### PROVIDED MATERIAL
• • • • • • •
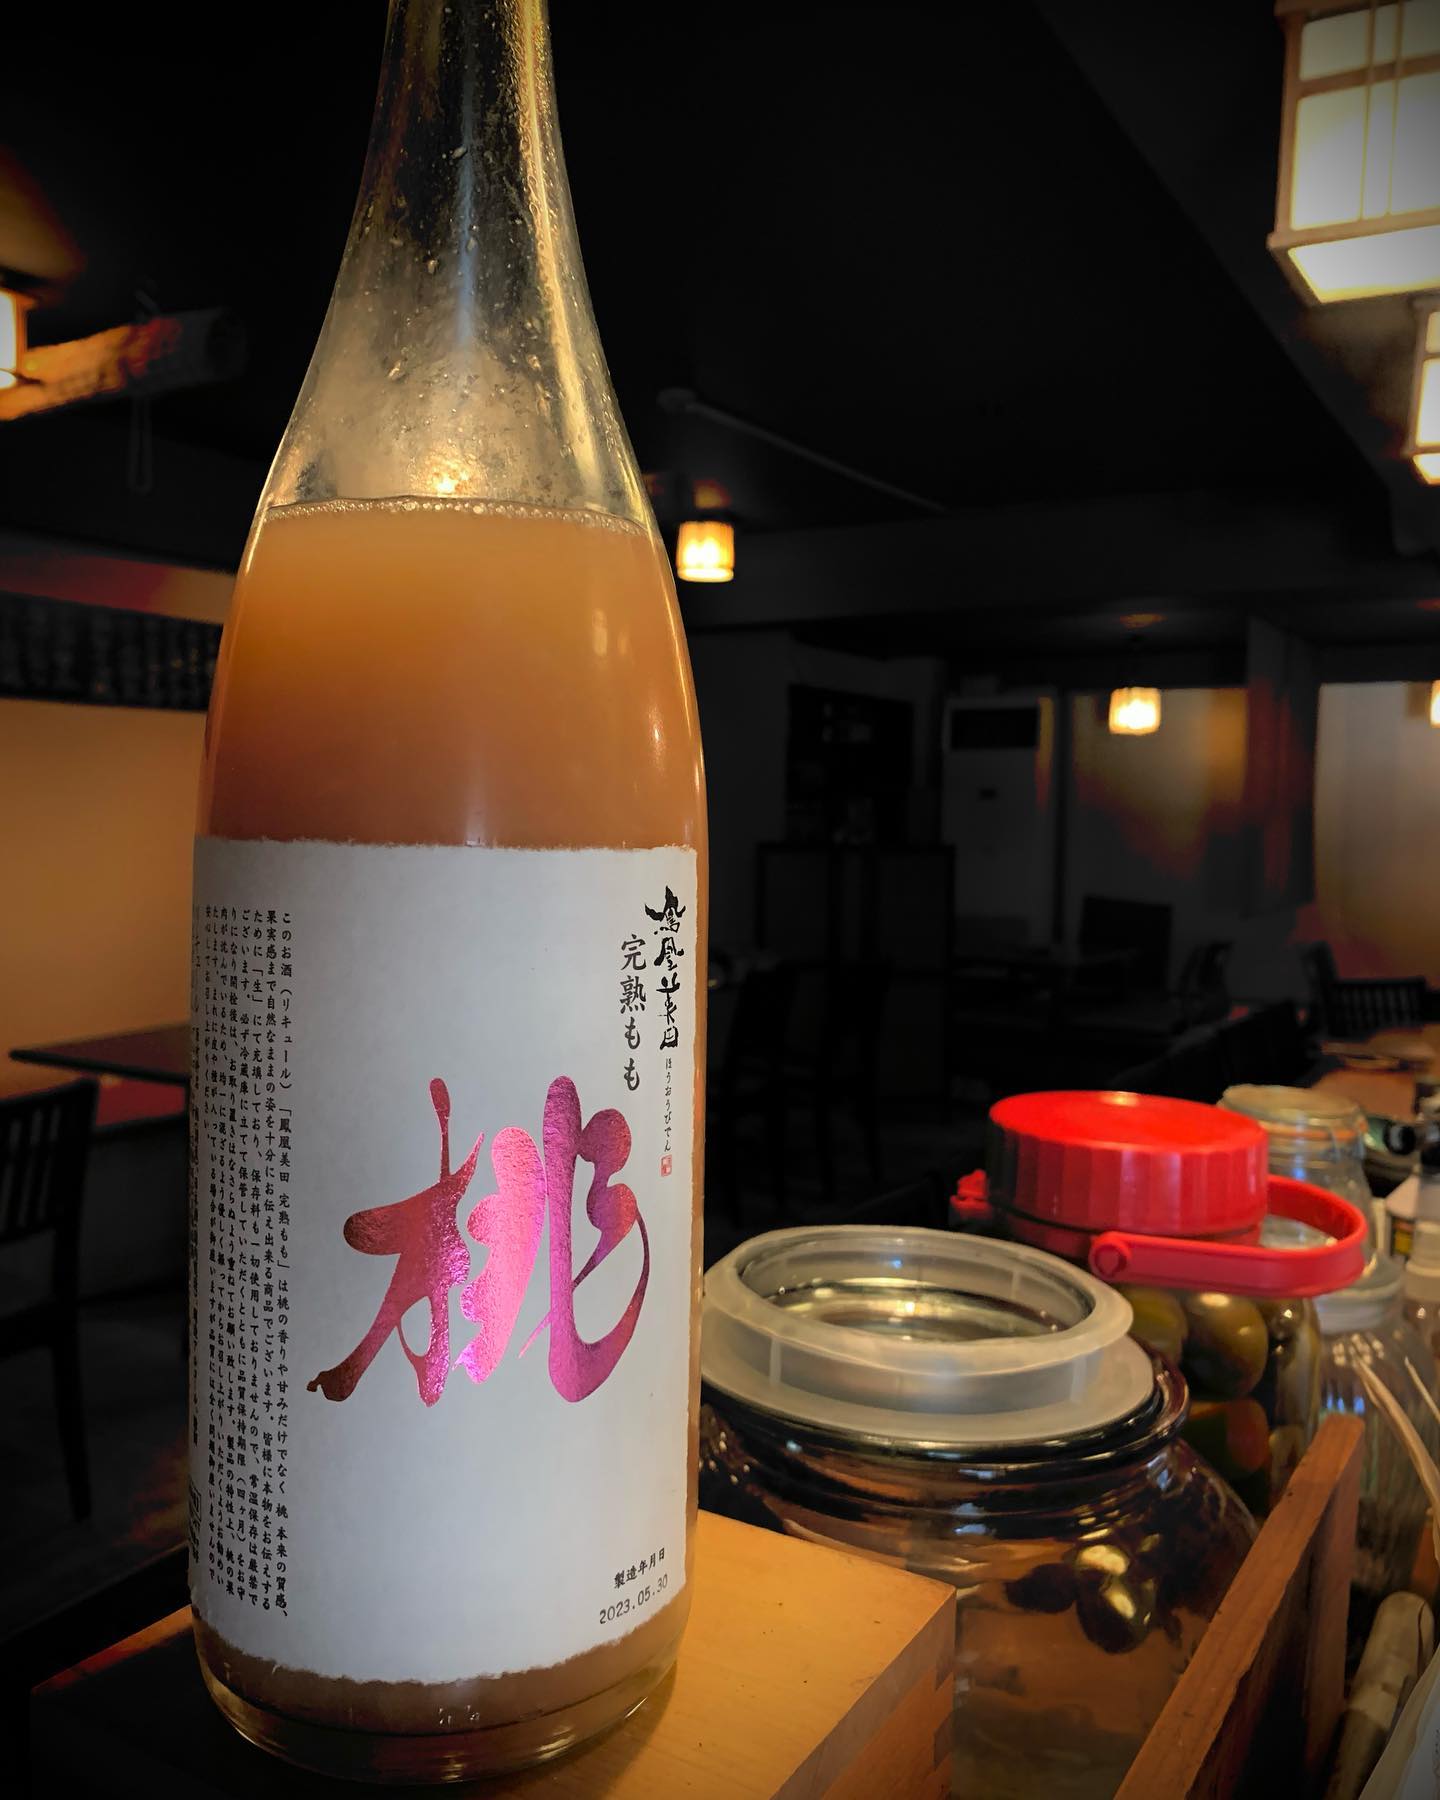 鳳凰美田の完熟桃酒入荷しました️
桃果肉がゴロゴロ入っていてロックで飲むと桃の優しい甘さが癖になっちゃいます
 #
• • • • • • •
Your answer must be the full listing, word for word, minus any images.

 鳳凰美田の完熟桃酒入荷しました️
桃果肉がゴロゴロ入っていてロックで飲むと桃の優しい甘さが癖になっちゃいます
 #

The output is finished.